Un jeu centré sur les Avengers, voilà qui avait de quoi mettre l'eau à la bouche, surtout avec un studio aussi compétent que Crystal Dynamics aux commandes. Mais il a fallu que le succès de Destiny et autres The Division donne des idées à Square-Enix, voyant dans la licence un terrain fertile pour développer un jeu service où les joueurs seraient prêts à passer des heures à rejouer des mêmes types de séquences pour dénicher toujours plus de loot avec leurs amis. Bon, pourquoi pas après tout, même si l'idée de loot dans un tel univers peut sembler incongrue, surtout quand on se retrouve à ouvrir des coffres avec Hulk pour lui trouver de nouvelles pièces d'équipement... Mais nous reviendrons sur la place du loot dans la campagne et sa légitimité un peu plus tard, car après tout, cet élément doit surtout sa présence à l'aspect multijoueur, censé accrocher les fans et les motiver à y revenir encore et encore. Si les autres titres du genre ont toujours permis à tout un chacun de traverser une campagne principale en solo, Marvel's Avengers affiche des ambitions narratives un peu plus affirmées. Une sympathique introduction nous montre la véritable héroïne du jeu, Kamala Khan, alors qu'elle n'est encore qu'une enfant fan de cette dream team de super-héros. Toute la mise en place de l'aventure est d'ailleurs plutôt réussie dans son genre, avec des niveaux certes très linéaires, et quelques passages d'infiltration oubliables, mais le fait est que tout est nettement plus engageant que ce que la bêta laissait penser. Conséquence logique, on se prend rapidement au jeu, Kamala profitant non seulement de pouvoirs très agréables à utiliser (aussi bien pour les déplacements que pour les combats), mais aussi d'une personnalité attachante (hors combat) qui donne envie de la suivre dans ses pérégrinations. Il n'y a évidemment pas de quoi crier au génie, surtout au vu de la concurrence, mais on se prend alors à espérer une aventure solo divertissante bourrée à craquer de moments mémorables et over-the-top.

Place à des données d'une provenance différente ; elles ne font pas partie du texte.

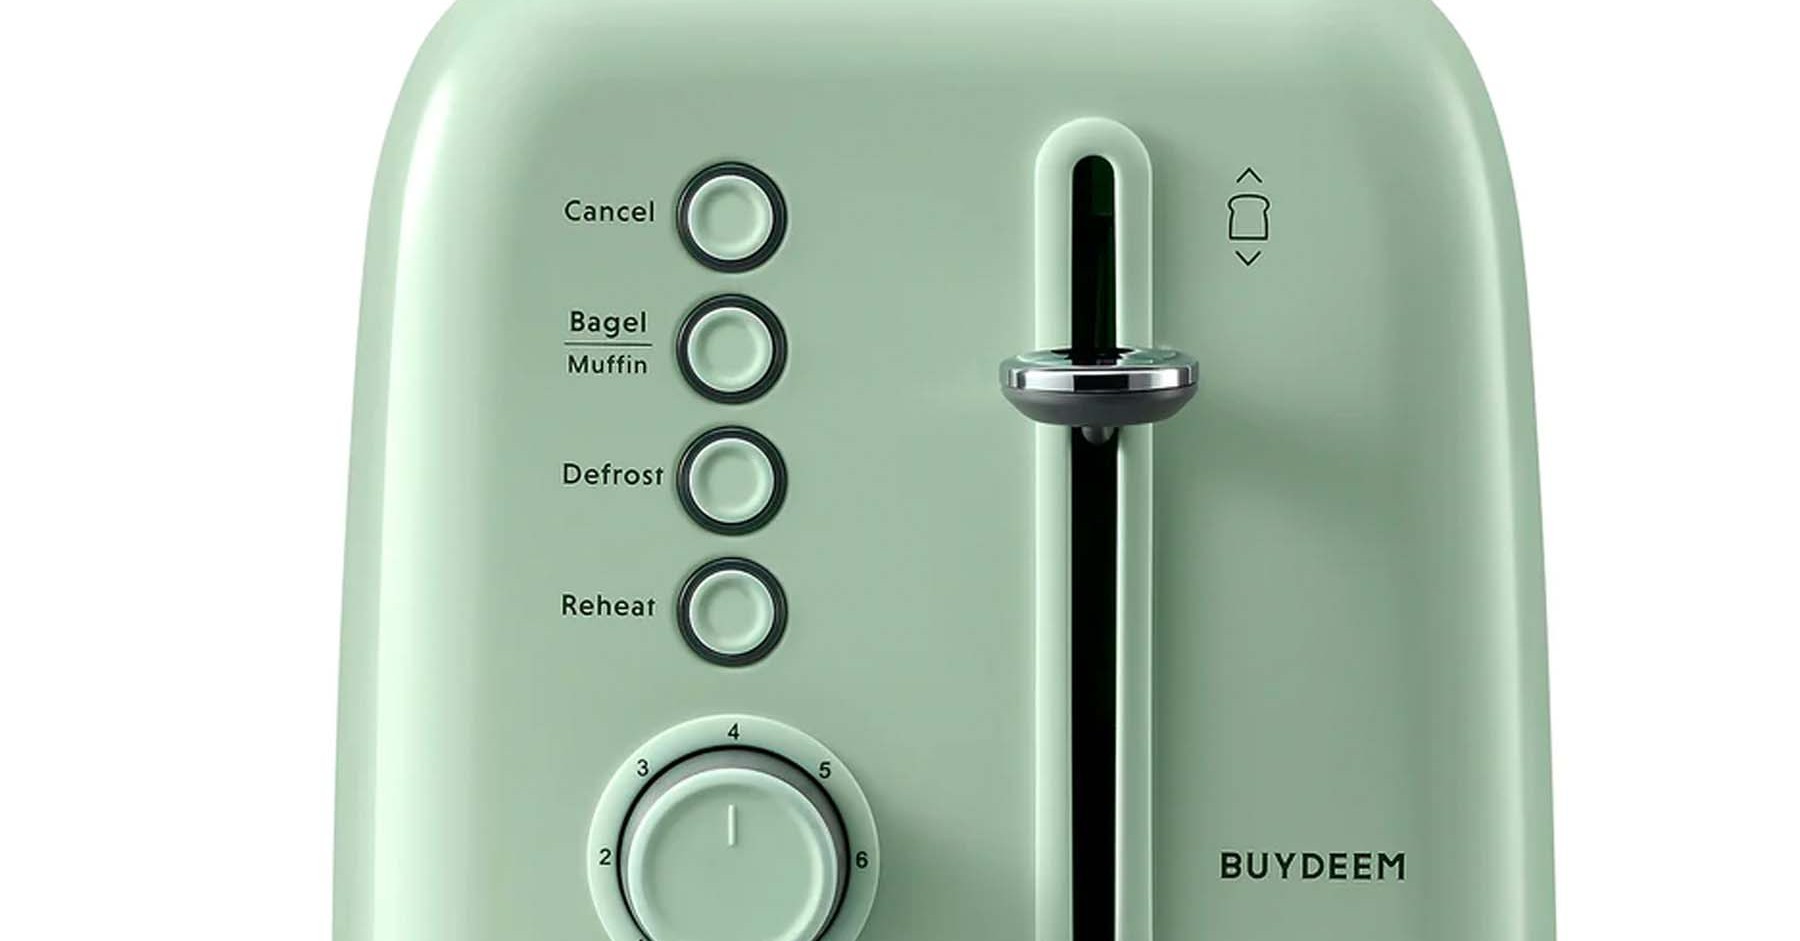 https://video-images.vice.com//products/64065faf94247363ae91937a/gallery-image/1678139312291-best-toasters-buydeem-2-slice-toaster.jpeg?crop=1xw:0.5231092436974789xh;center,center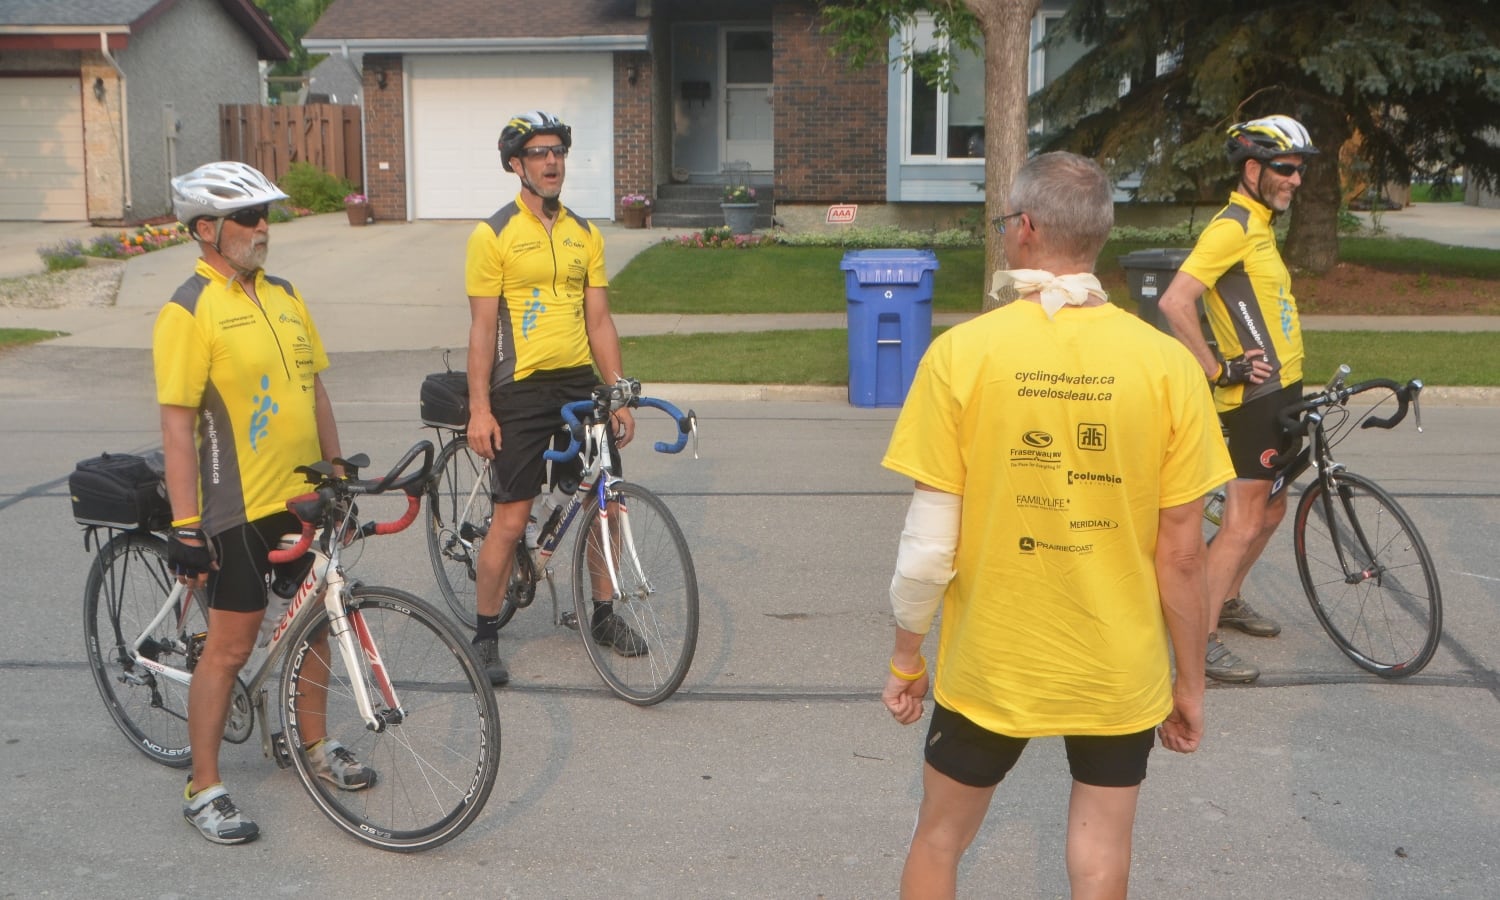 Accident Day - Aug 17, 2014 Rob welcoming the cyclists at the end of the day .

Seulement voilà, si la campagne est nettement moins mauvaise que ce que l'on pouvait croire, elle n'est malheureusement pas à la hauteur des légendes que l'on côtoie et que l'on dirige. Pour commencer, il y a ce level design insipide de toutes les zones (pseudo) ouvertes, comme la Toundra enneigée, la forêt ou les zones désertiques de l'Utah. À aucun moment on n'a l'impression d'évoluer dans un lieu réel, chaque élément semblant avoir été placé à la va-vite pour permettre aux personnages d'accéder aux coffres et autres ressources disponibles. Dans ces niveaux plus vastes, on se contente de suivre le marqueur d'objectif tout en s'écartant parfois rapidement de l'itinéraire conseillé pour aller jeter un œil à un point d'intérêt repéré par Jarvis (une personne à sauver, un ennemi plus costaud à détruire pour récupérer du loot, un coffre à ouvrir pour plus de loot, un puzzle à base d'interrupteurs à actionner). On finit généralement par entrer dans un laboratoire du AIM (les méchants de l'histoire) ou du SHIELD (ça ne change pas grand chose) pour y suivre un chemin encore plus balisé jusqu'à la fin de la mission. Comme si cela ne suffisait pas, au lieu de proposer la diversité habituelle d'une bonne partie des aventures en solo, on nous demande de revenir systématiquement dans les mêmes environnements pour y faire toujours la même chose. Alors oui, il ne s'agit pas à chaque fois de la même zone de l'Utah que l'on vous demande de visiter, mais à part un agencement un peu différent des lieux, on ne note aucun changement réel de paysages. Les décors ne dégageant pas ou peu de personnalité (les mauvaises langues diront qu'ils partagent cela avec le casting de héros, Kamala mise à part), on repassera pour le plaisir de la découverte. Malgré tout, il faut au moins reconnaître que le solo fait plus d'efforts à ce niveau que les cartes proposées en multijoueur, qui ont tendance à revenir en boucle encore plus. Reste qu'il est difficile de ne pas être déçu par la structure de la campagne solo qui nous lance sur les traces des Vengeurs.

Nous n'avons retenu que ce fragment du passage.